The authors of the paper are [Suraj Ranganath](https://www.linkedin.com/in/suraj-ranganath/) and Atharv Ramesh.

It is an **adapter-only** release (PEFT). The full base model is not included and must be downloaded separately from Hugging Face.

---

## What is StealthRL?

**StealthRL** is a reinforcement learning framework for generating **adversarial paraphrases** that evade **multiple AI-text detectors** while preserving semantics.

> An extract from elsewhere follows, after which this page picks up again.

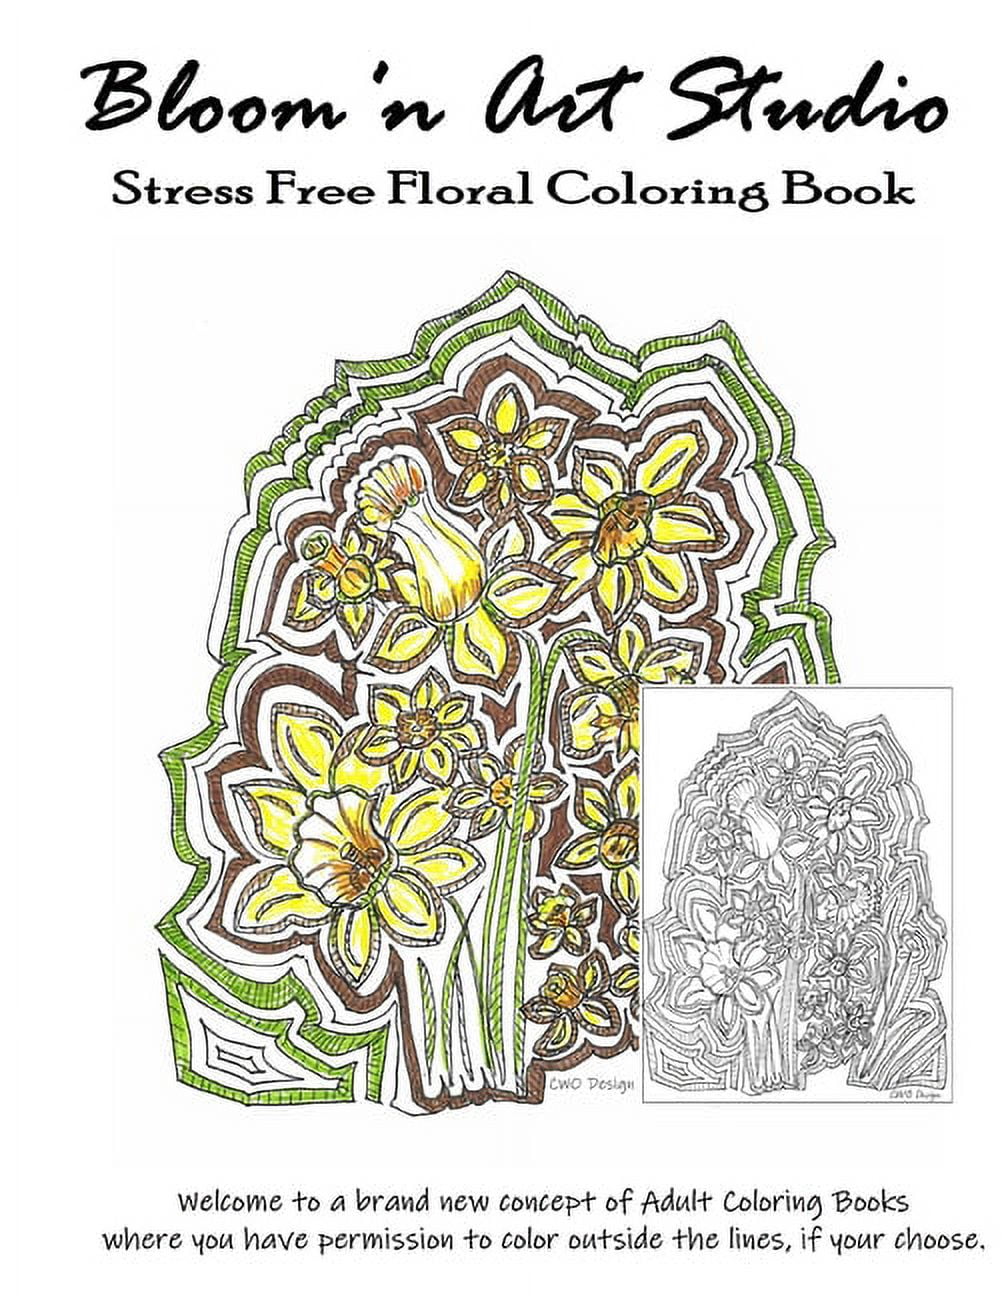 Bloom'n Art Studio Stress Free Coloring Book: Welcome to a Brand New Concept of Adult Coloring Books, You Have Permission to Color Outside the Linesif You Choose. [Book]

Key contributions from the paper:
- StealthRL trains a **paraphrase policy** against a **multi-detector ensemble**
- Uses **Group Relative Policy Optimization (GRPO)** with **LoRA adapters** on **Qwen3-4B**
- Optimizes a **composite reward** that balances **detector evasion** with **semantic preservation**
- Evaluates transfer to a **held-out detector family**, suggesting shared vulnerabilities rather than detector-specific brittleness

Paper: [https://arxiv.org/abs/2602.08934](https://arxiv.org/abs/2602.08934)  
Code: [https://github.com/suraj-ranganath/StealthRL](https://github.com/suraj-ranganath/StealthRL)

---

## What’s in This Repository

| File | Description |
|-----|-------------|
| `adapter_model.safetensors` | LoRA adapter weights |
| `adapter_config.json` | PEFT adapter configuration |

---

## How to Use (Paraphrasing)

Install dependencies:

```bash
pip install transformers peft safetensors
```

Load the base model and apply the adapter:

```python
from transformers import AutoTokenizer, AutoModelForCausalLM
from peft import PeftModel
import torch

base_model = "Qwen/Qwen3-4B-Instruct-2507"
adapter_repo = "suraj-ranganath/StealthRL-Qwen3-4B-LORA" # Update with actual repo path if different

tokenizer = AutoTokenizer.from_pretrained(base_model, trust_remote_code=True)
model = AutoModelForCausalLM.from_pretrained(
    base_model,
    device_map="auto",
    trust_remote_code=True,
)
model = PeftModel.from_pretrained(model, adapter_repo)
model.eval()
```

### Example: paraphrase a passage (semantics-preserving rewrite)

```python
text = (
    "AI-text detectors are widely used, but they can be fragile when the text is paraphrased "
    "without changing the meaning."
)

prompt = f"""You are a paraphrasing assistant.
Rewrite the text to preserve meaning while changing wording and structure.
Avoid adding new facts.

TEXT:
{text}

PARAPHRASE:
"""

inputs = tokenizer(prompt, return_tensors="pt").to(model.device)

with torch.no_grad():
    out = model.generate(
        **inputs,
        max_new_tokens=200,
        do_sample=True,
        temperature=0.8,
        top_p=0.95,
    )

print(tokenizer.decode(out[0], skip_special_tokens=True))
```

**Tip:** If you are using this for detector robustness evaluation, generate multiple paraphrase candidates per input (vary temperature / sampling) and then score them with your detector suite.

---

## Associated Paper and Code

- **Paper (arXiv)**: [https://arxiv.org/abs/2602.08934](https://arxiv.org/abs/2602.08934)  
- **GitHub Repository**: [https://github.com/suraj-ranganath/StealthRL](https://github.com/suraj-ranganath/StealthRL)

---

## Citation

If you use this adapter or build on StealthRL, please cite:

```bibtex
@misc{ranganath2026stealthrlreinforcementlearningparaphrase,
      title={StealthRL: Reinforcement Learning Paraphrase Attacks for Multi-Detector Evasion of AI-Text Detectors},
      author={Suraj Ranganath and Atharv Ramesh},
      year={2026},
      eprint={2602.08934},
      archivePrefix={arXiv},
      primaryClass={cs.LG},
      url={https://arxiv.org/abs/2602.08934},
}
```

---

## Notes

- This repo provides **adapter-only** weights.